The Number That Should Worry Klarna’s CEO Most

SvD Näringsliv

This analysis was first published in SvD Näringsliv, in Swedish, on August 31st, 2022. This piece was translated from Swedish by Claude. Some phrasing may differ from a human translation.

Klarna will shrink its loan amounts to bring down credit losses. But while the company’s focus has been on the US, the Swedish business is now shrinking for the first time.

It is every CEO’s job to present and package reality as positively as possible. Sebastian Siemiatkowski, CEO and co-founder of Klarna, knows this very well. Which comes through clearly when you read the company’s interim report for the first half of the year, and his letter to shareholders in particular.

The more complex picture — the one Klarna does not communicate — is not quite so rosy. The company is losing around SEK 35 million a day. Cash flow is negative SEK 9.8 billion, of which just under a third is acquisition-related, compared with positive SEK 1.5 billion in the same period last year. And while the American market is growing fast — but expensively — revenue from Sweden is actually falling by 9.5 percent. That is the first time it has happened.

The fact that the Swedish market is shrinking is notable.

Klarna has been the clear market leader in Sweden for many years, but has faced increasing competition from similar products and offerings. That the company’s focus has been on the US has been obvious — revenue there is growing by more than 100 percent — but now, for the first time, there are signs that this may have come at the expense of more established markets. The fact that Swedish e-commerce has declined overall after a pandemic-fuelled boom probably plays a role as well. Finally, a change in the company’s product mix, where a sort of “perpetual credit” has been scrapped, also contributes.

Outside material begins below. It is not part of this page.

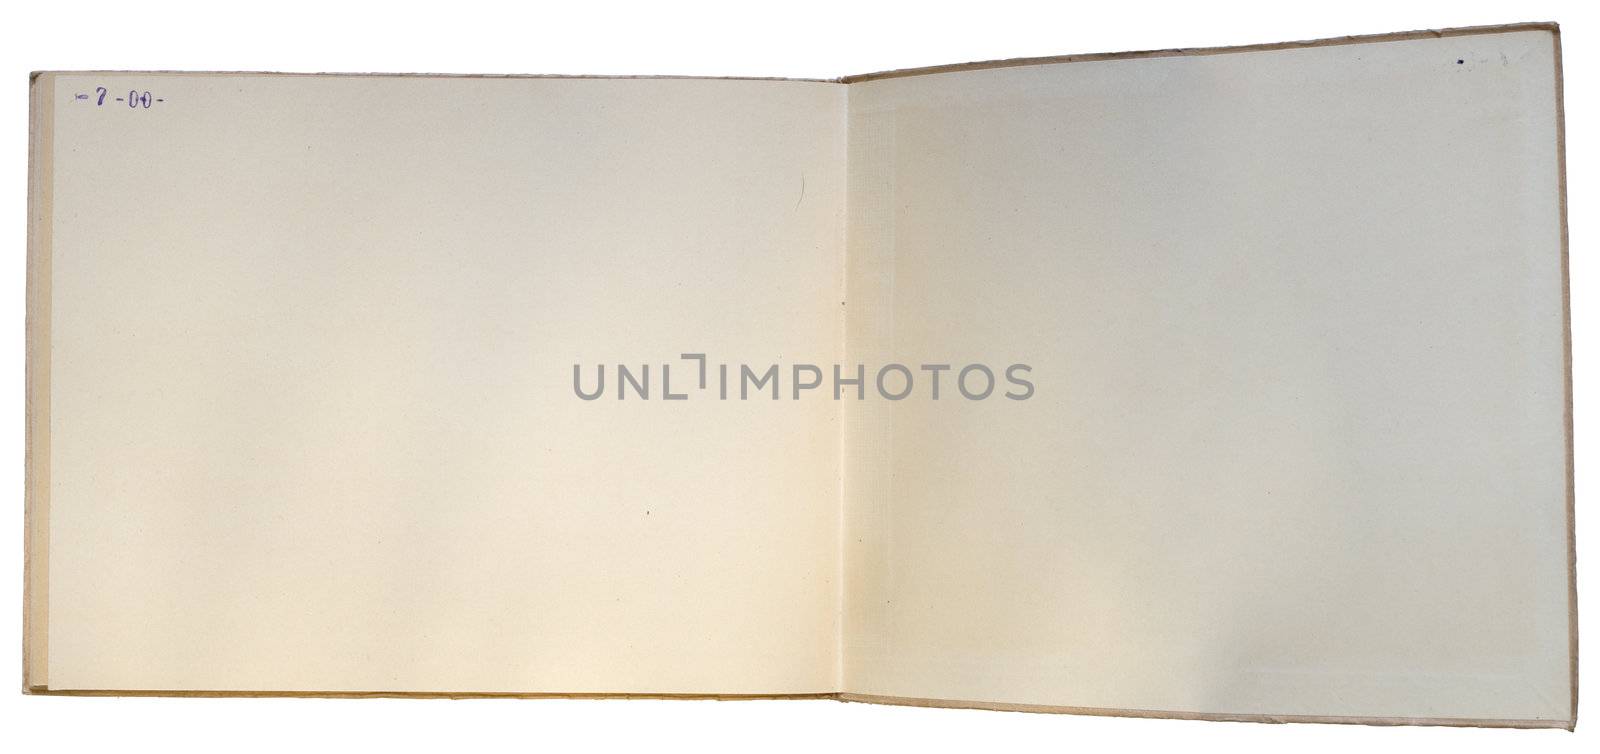 Old open book isolated on white background. Clipping path included to easy replace background.

Even Germany, Klarna’s single largest market, grew by just over 6 percent in the period. Klarna is the country’s second-largest payment system after PayPal, but a long line of challengers is appearing on the horizon there too. And this summer came the news that even the big bank Deutsche Bank is entering the hot “buy now, pay later” market in the country. Competition is intensifying.

Turning the business back to profitability requires both that established markets keep working, and that the US expansion stops bleeding money. Klarna writes in the report that they have changed their approach to credit losses and that they will lend smaller amounts to reduce that outflow. It remains to be seen what effects this will have, but between the lines you can at least sense some seriousness about the enormous losses the company continues to have.

Looking ahead, the challenge is exactly this balancing act between maintaining established, mature markets and growing into new ones at the same time. Siemiatkowski writes that the credit losses have been a “conscious consequence” of the company’s growth rate. It is true that growth has been rewarded by investors — almost at any cost — for many years. But it is, to put it mildly, optimistic to believe that changing their lending would not affect existing and future customers in ways beyond just credit losses.

The company has large and established competitors in the US as well, including Affirm and Afterpay (part of Block). Klarna’s success and growth rate there is tied to its competitiveness, something that can be diluted by changes of this kind.

The optimism from Klarna’s chief is familiar. In an interview with Dagens industri in May this year, Siemiatkowski said that “I am optimistic and I think there are good conditions” to defend the company valuation of around $45.6 billion that Klarna had previously received from investment company SoftBank. Less than two months later they raised new money at a valuation around 85 percent lower.

A positive outlook is a good starting point for a CEO. But that alone will not pull Klarna out of the tough market situation it finds itself in. Retooling a giant operation like Klarna can take longer than you think. Because the money is running through the company and the conditions for attracting new investors on favourable terms are harder than they have been in many years.

The Author

Björn Jeffery is a Swedish technology columnist, advisor, and independent analyst based in Malmö, Sweden. He is the technology columnist for Svenska Dagbladet and co-hosts a podcast for the newspaper. He was previously CEO and co-founder of Toca Boca, the kids’ media company that grew to over one billion downloads. Through his advisory practice, Outer Sunset AB, he works with companies on digital strategy, consumer culture, governance, growth, and international expansion.